Policy Gradient

Created by Jonas Busk ([jbusk@dtu.dk](mailto:jbusk@dtu.dk)).

In this part, we will create an agent that can learn to solve tasks from OpenAI Gym by applying the Policy Gradient method. We will implement the agent with a probabilistic policy, that given a state of the environment, $s$, outputs a probability distribution over available actions, $a$:

$$ p_\theta(a|s) $$

Since this is a deep learning course, we will model the policy as a neural network with parameters $\theta$ and train it with gradient descent (now the name 'Policy Gradient' should start to make sense). When the set of available actions is discrete, we can use a network with softmax output.

The core idea of training the policy network is simple: we want to maximize the expected total reward by increasing the probability of good actions and decreasing the probability of bad actions.

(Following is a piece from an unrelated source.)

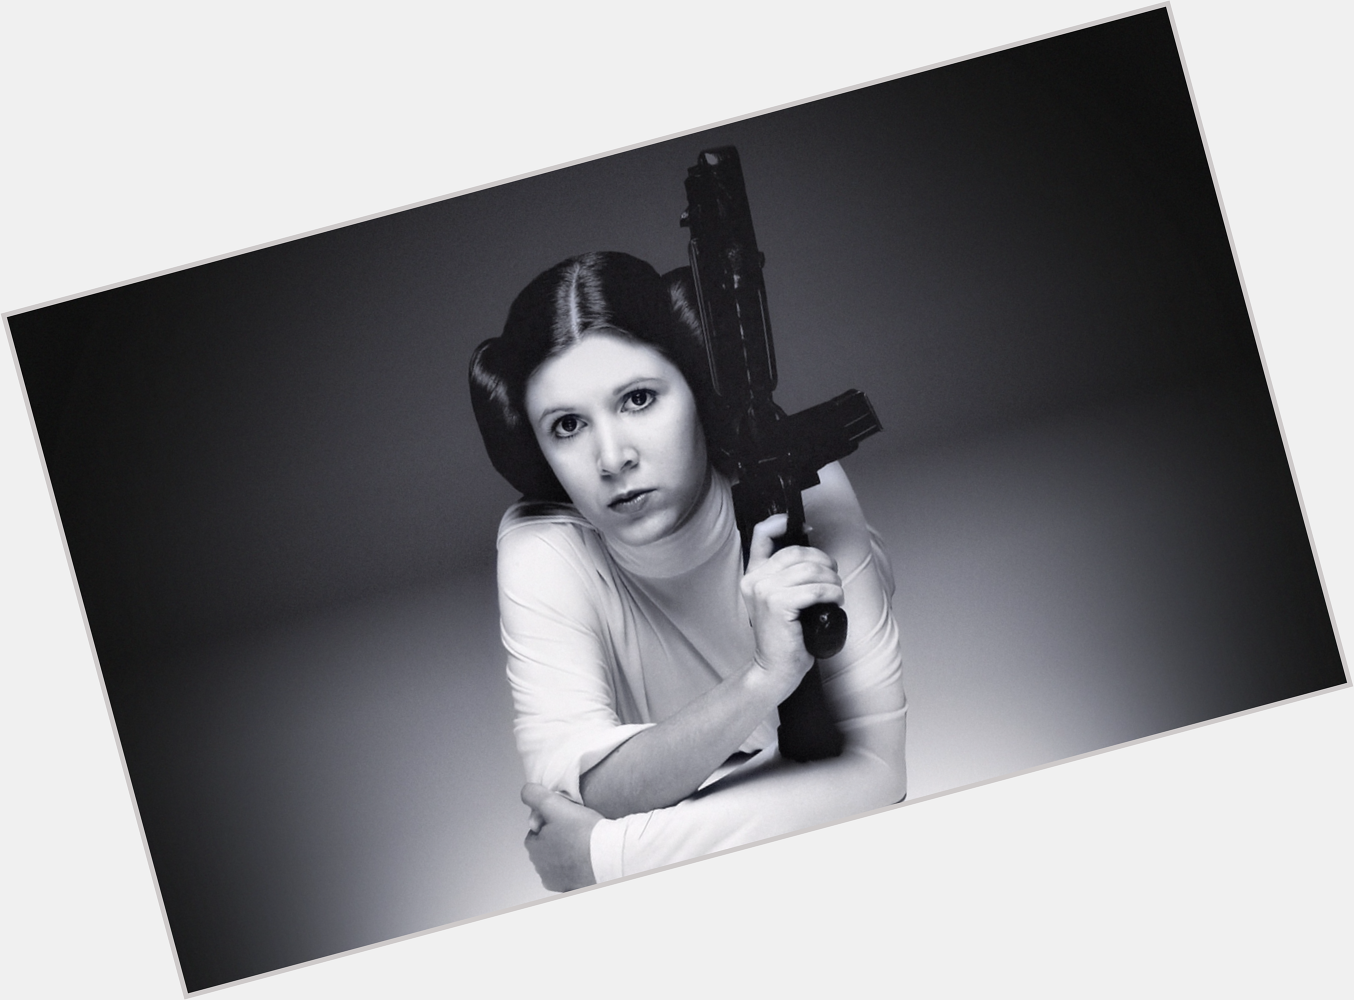 Happy Birthday Carrie Fisher. Looking forward to seeing you in December.
BornOnThisDay in 1956.

The expectation over the (discounted) total reward, $R$, is:

$$ \mathbb{E}[R|\theta] = \int p_\theta({\bf a}|{\bf s}) R({\bf a}) d{\bf a} \ , $$

where ${\bf a} = a_1,\ldots,a_T$, ${\bf s}=s_1,\ldots,s_T$.

Then we can use the gradient to maximize the total reward:

$$ \begin{align} \nabla_\theta \mathbb{E}[R|\theta] &= \nabla_\theta \int p_\theta({\bf a}|{\bf s}) R({\bf a}) \, d{\bf a} \\ &= \int \nabla_\theta p_\theta({\bf a}|{\bf s}) R({\bf a}) \, d{\bf a} \\ &= \int p_\theta({\bf a}|{\bf s}) \nabla_\theta \log p_\theta({\bf a}|{\bf s}) R({\bf a}) \, d{\bf a} \\ &= \mathbb{E}[R({\bf a}) \nabla_\theta \log p_\theta({\bf a}|{\bf s})] \end{align} $$

using the identity

$$ \nabla_\theta p_\theta({\bf a}|{\bf s}) = p_\theta({\bf a}|{\bf s}) \nabla_\theta \log p_\theta({\bf a}|{\bf s}) $$

to express the gradient as an average over $p_\theta({\bf a},{\bf s})$.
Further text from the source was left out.